What to do: Each entry below is to be transcribed exactly; pictures are not copied.

Data provided:
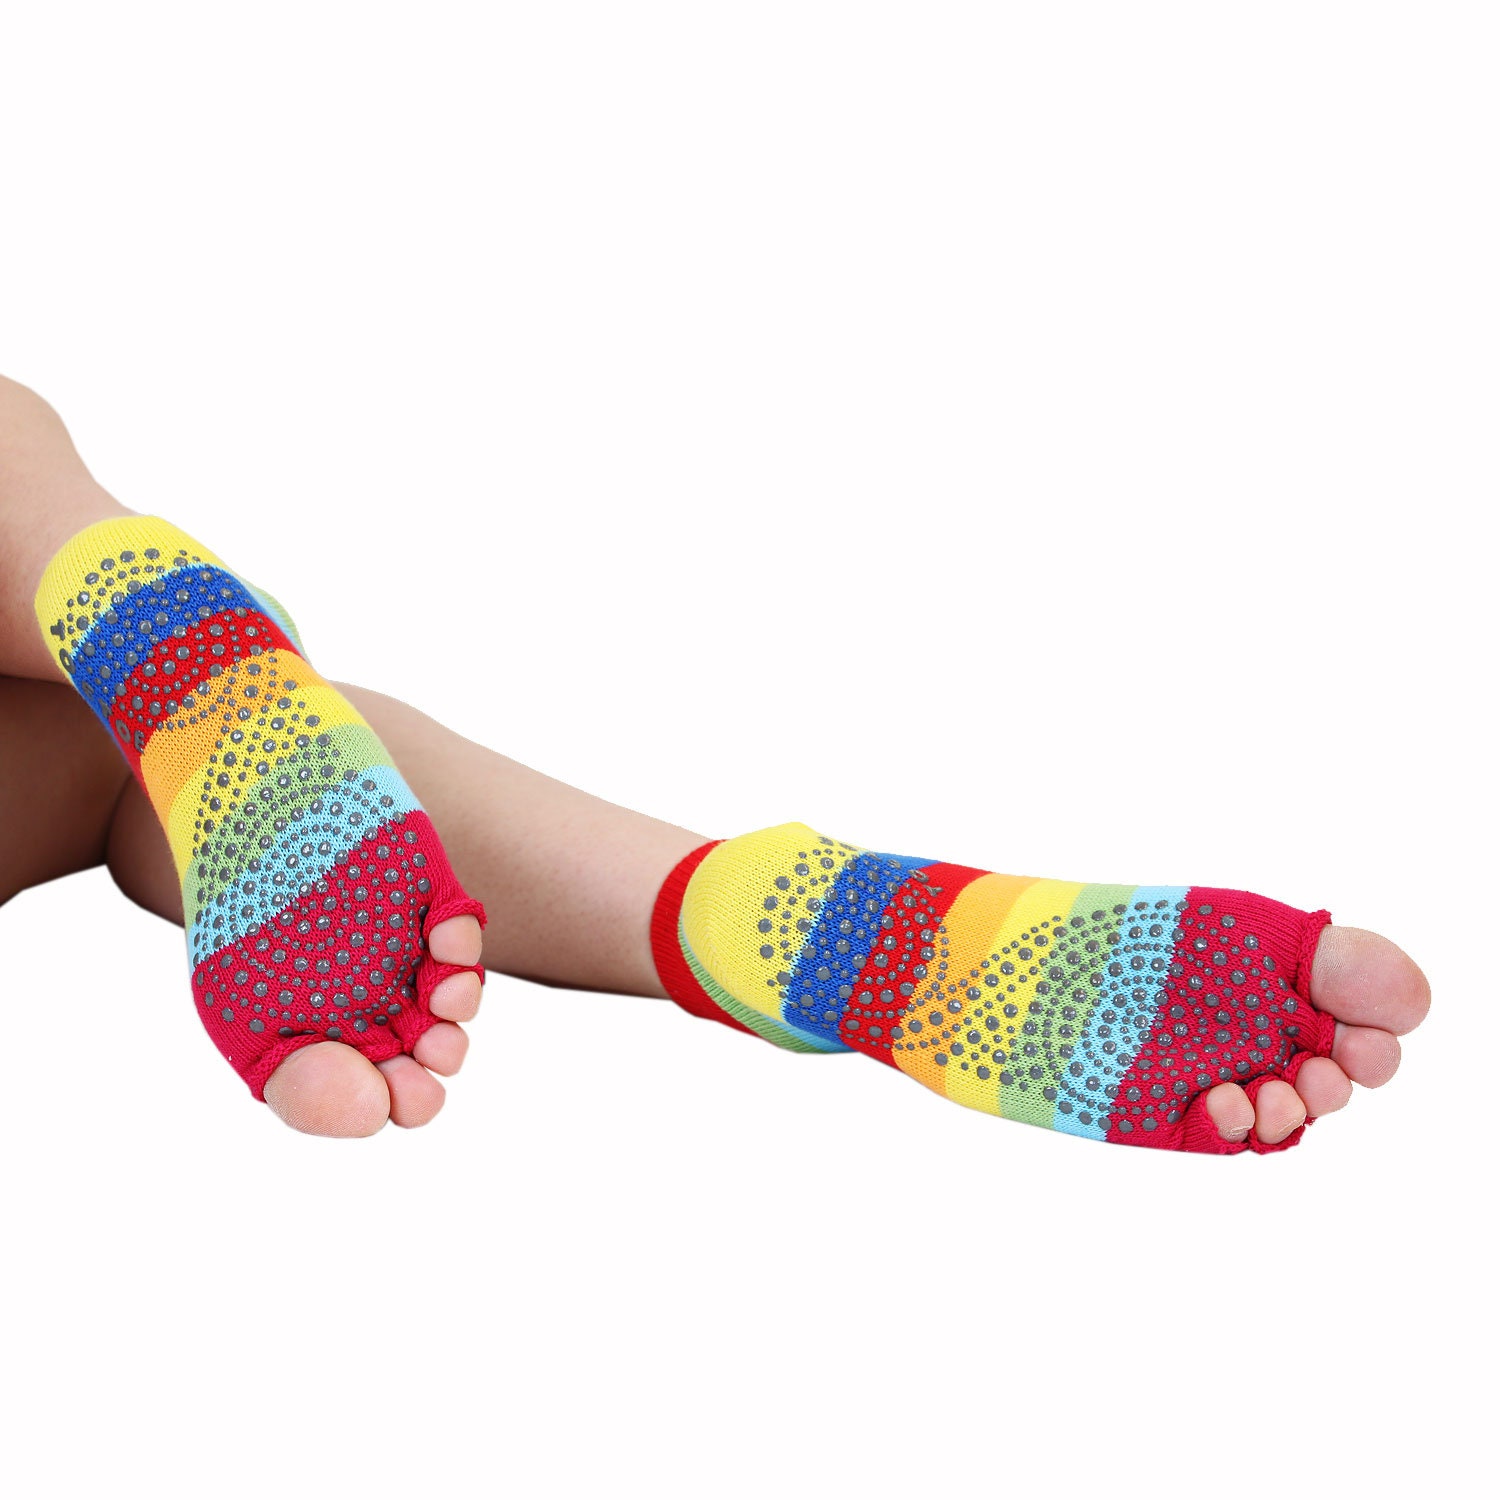 TOETOE® Socks - Anti-Slip Sole Open Toe Half Toe Socks Turquoise
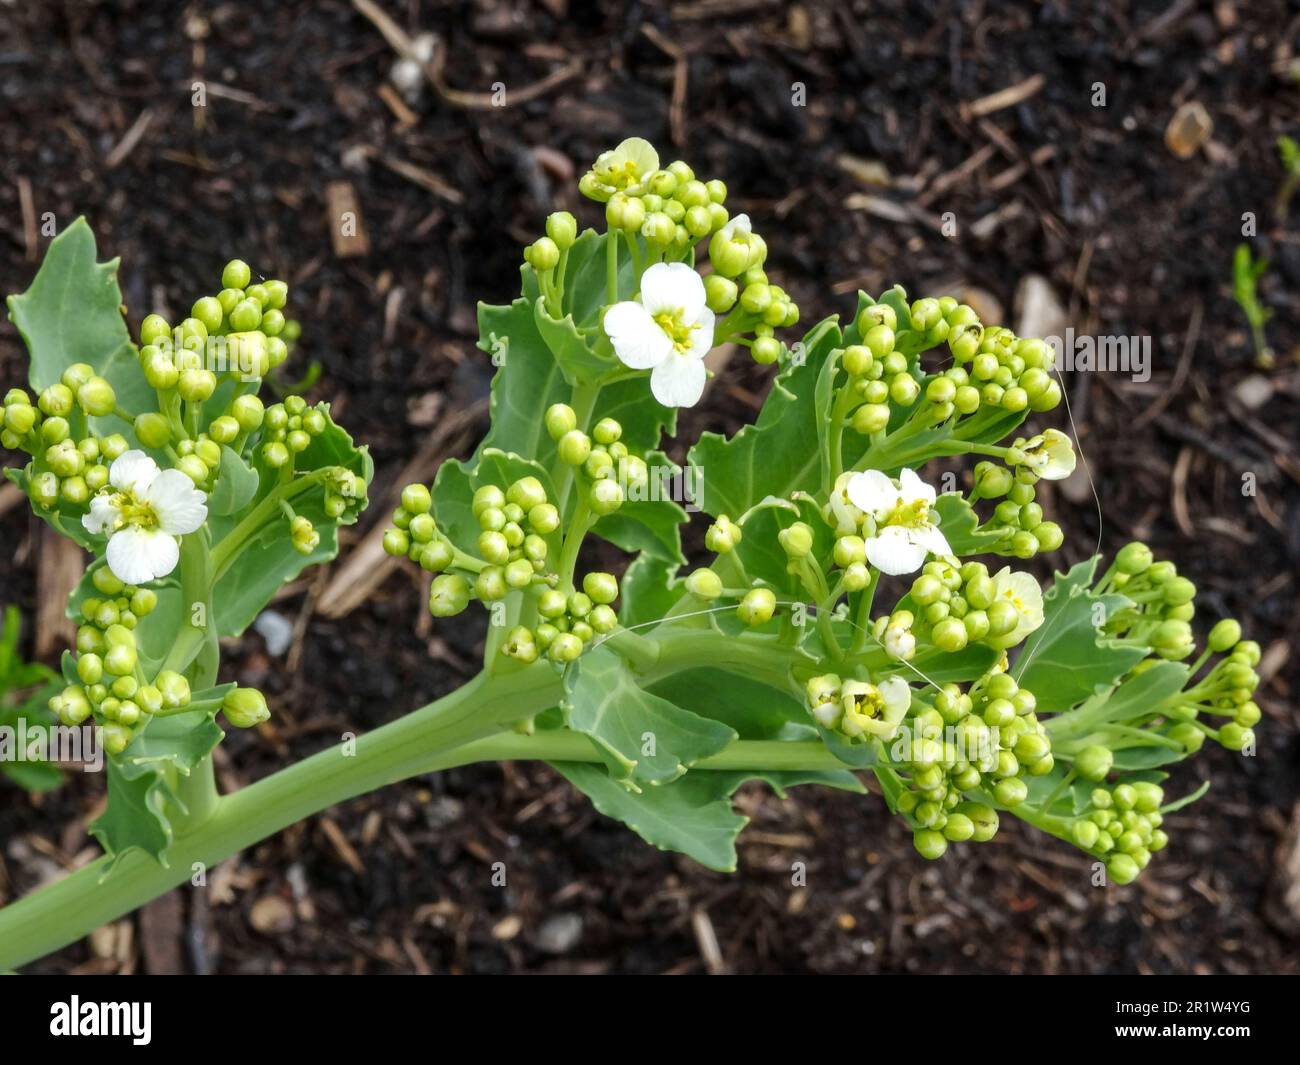 Delicious Seakale Lilywhite - Crambe maritima 'Lily White’. Natural close up vegetable plant portrait Stock Photo
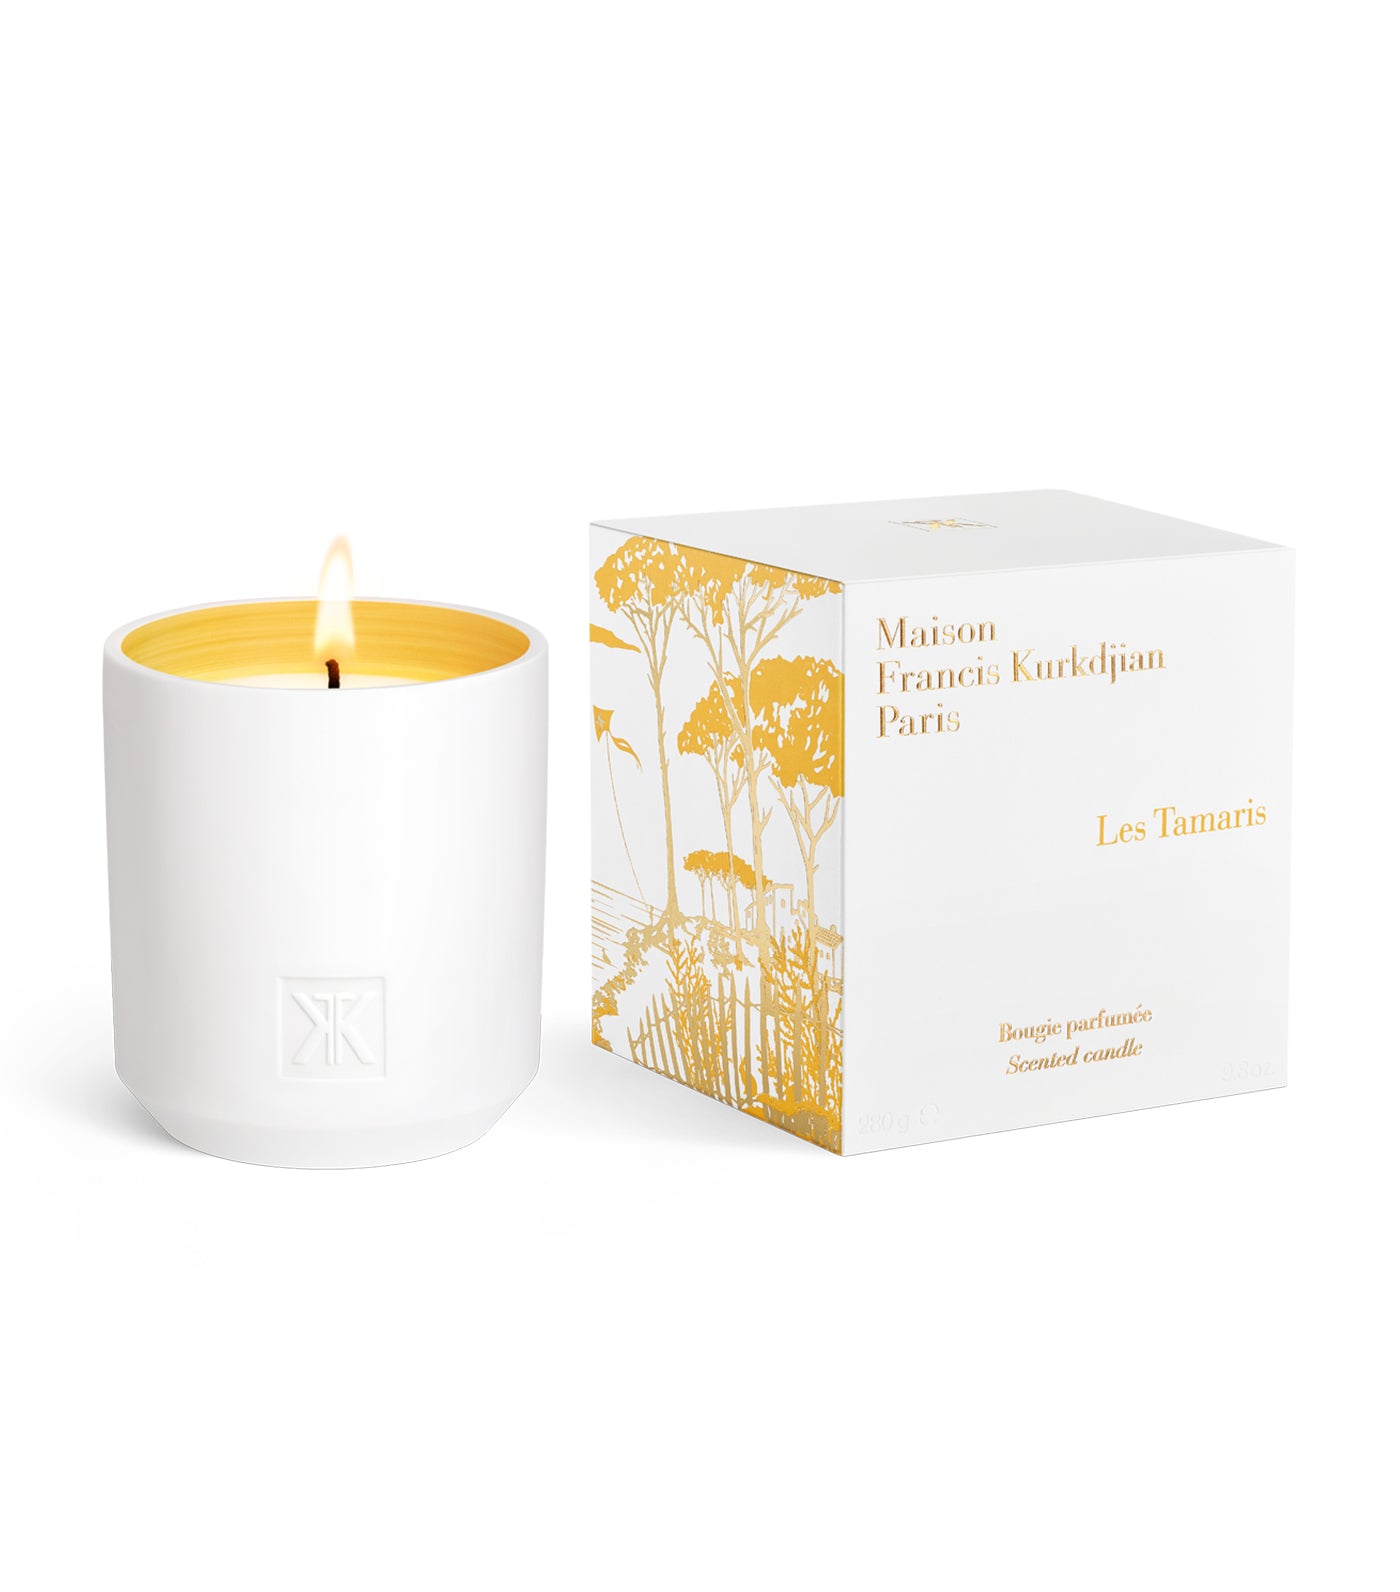 Les Tamaris scented candle
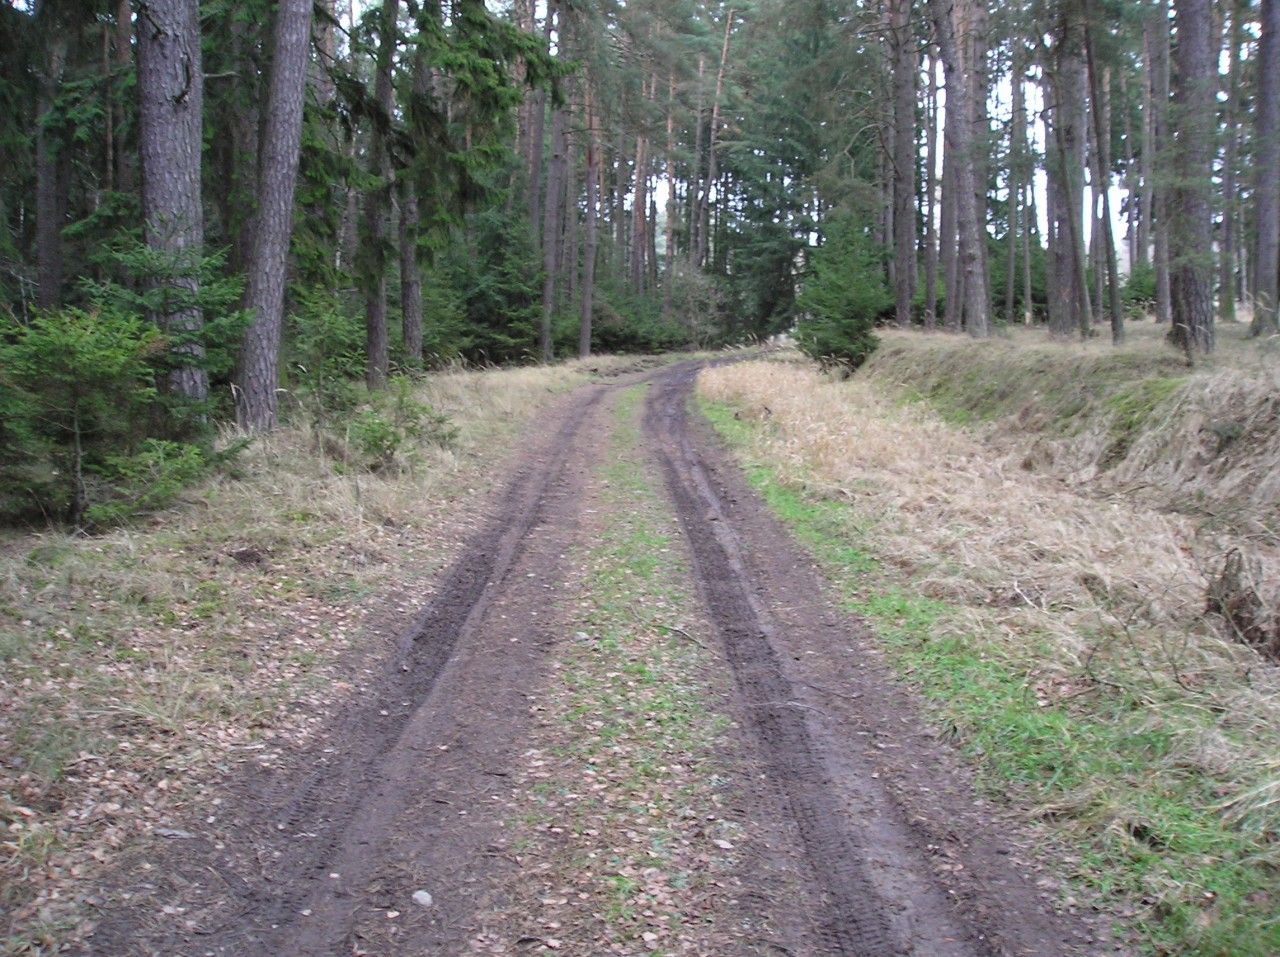 Pokraovn trati ped v lesnm seku ped bvalou zastvkou Borovko.
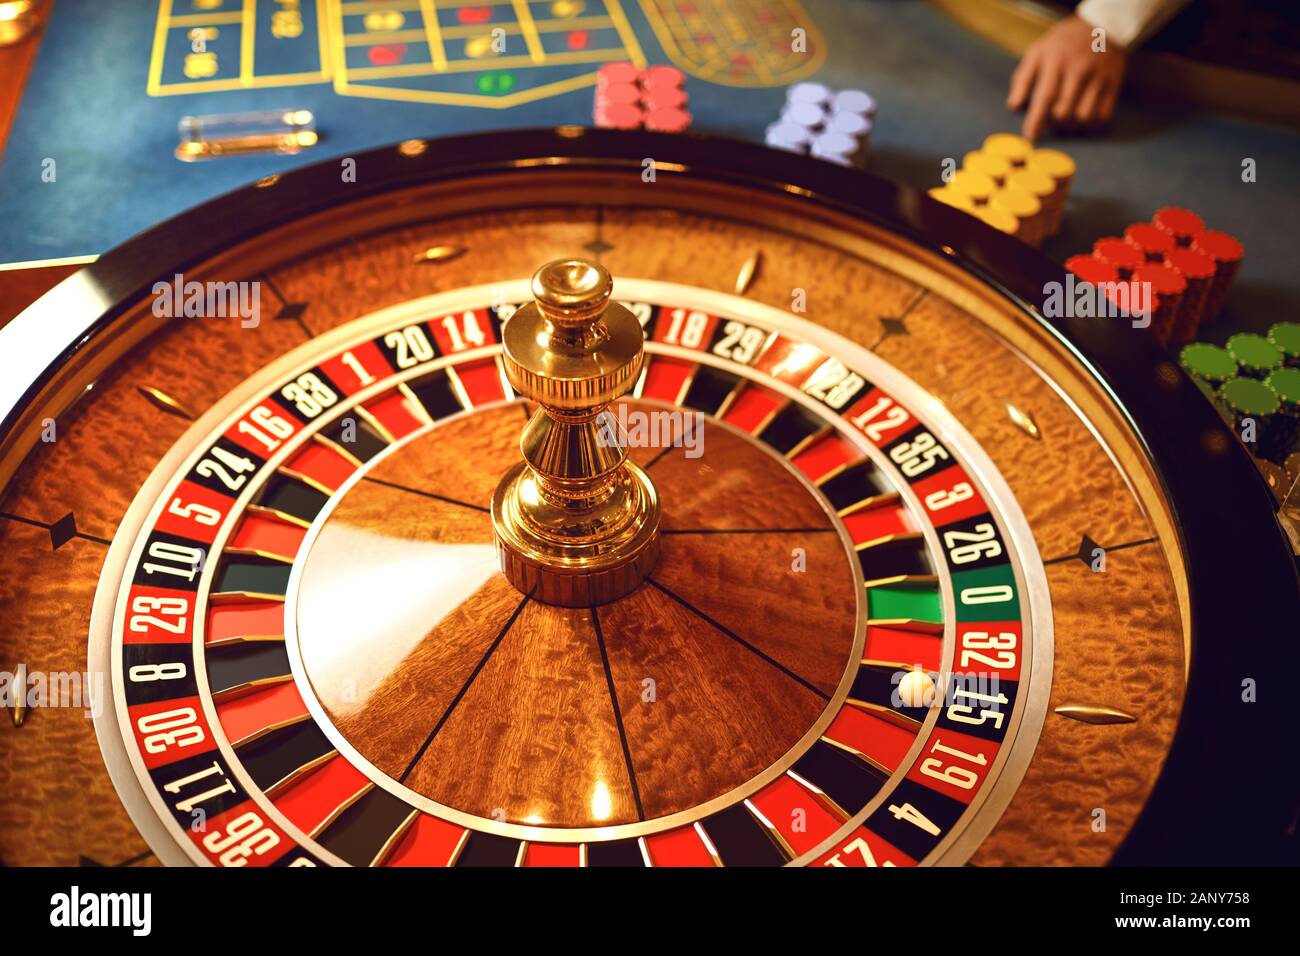 7 Life-Saving Tips About casino

Result of the task:
 TOETOE® Socks - Anti-Slip Sole Open Toe Half Toe Socks Turquoise
 Delicious Seakale Lilywhite - Crambe maritima 'Lily White’. Natural close up vegetable plant portrait Stock Photo
 Les Tamaris scented candle
 Pokraovn trati ped v lesnm seku ped bvalou zastvkou Borovko.
 7 Life-Saving Tips About casino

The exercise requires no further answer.